それから一年後、紆余曲折の末にカルロ王子とティアラは結ばれて、盛大な結婚式が行われることになりました。そこでティアラは両親にも式に出席してもらいたいと思い、招待状をだしたのですが――伝令の使者の話によると、ふたりはすでに亡くなっているということでした。ショックを受けたティアラは、両親のお墓参りのために自分の生まれ育った森へと戻ったのですが、七人の小人から両親が死んだ時の状況などを聞かされて――その時初めて、あの時毒林檎をくれたのが自分の母親であると、気づいたのでした。

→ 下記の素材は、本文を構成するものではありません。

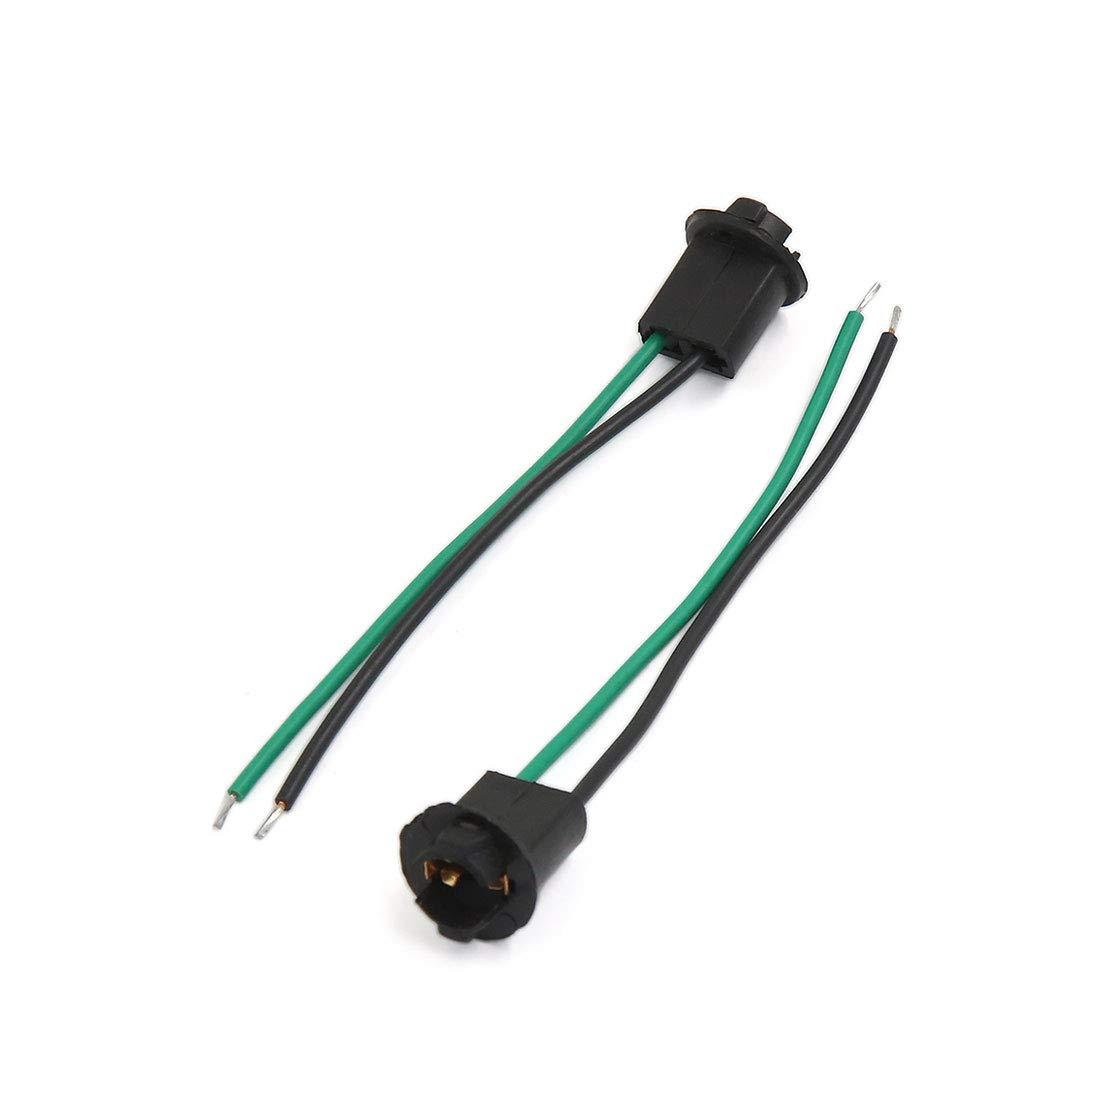 wrg 7963] t10 12 volt wire harness 12 Volt Fuel Tank amazon com uxcell dc 12v t10 w5w 168 194 car socket connector extension led

「ああ、お母さん。わたしはなんと親不孝な娘でしょう。ようやくこれで親孝行ができると思ったのに……こんなことなら、あの時わたしもお母さんと一緒に毒林檎を食べて、この森の中で死んでいればよかった。どうかお母さん、こんなに親不孝な娘のことを許してください」
そう言ってティアラは両親の墓の前で涙を流し、一日中そこから離れませんでした。実をいうとティアラは、王城のある町で自分のおじいさんとおばあさんとも会うことができていましたし、貴族の彼らが養女として引きとってくれたことで、ようやくカルロ王子と結婚することができるようになったのです。おじいさんもおばあさんも、勘当した娘のことを今ではすっかり許していましたし、これからはまた昔のように家族みんなで仲良くやっていこうと話していたばかりでした。ああ、それなのに……ティアラは自分の幼い時から苦労してきた美しい母のことを思うと、悲しみで胸が潰れそうなくらいでした。
その後、ティアラはカルロ王子と結婚してお妃さまになったのですが、雪のように白い肌の美しい彼女のことを国民たちは親しみをこめて<白雪妃>と呼ぶようになったということです。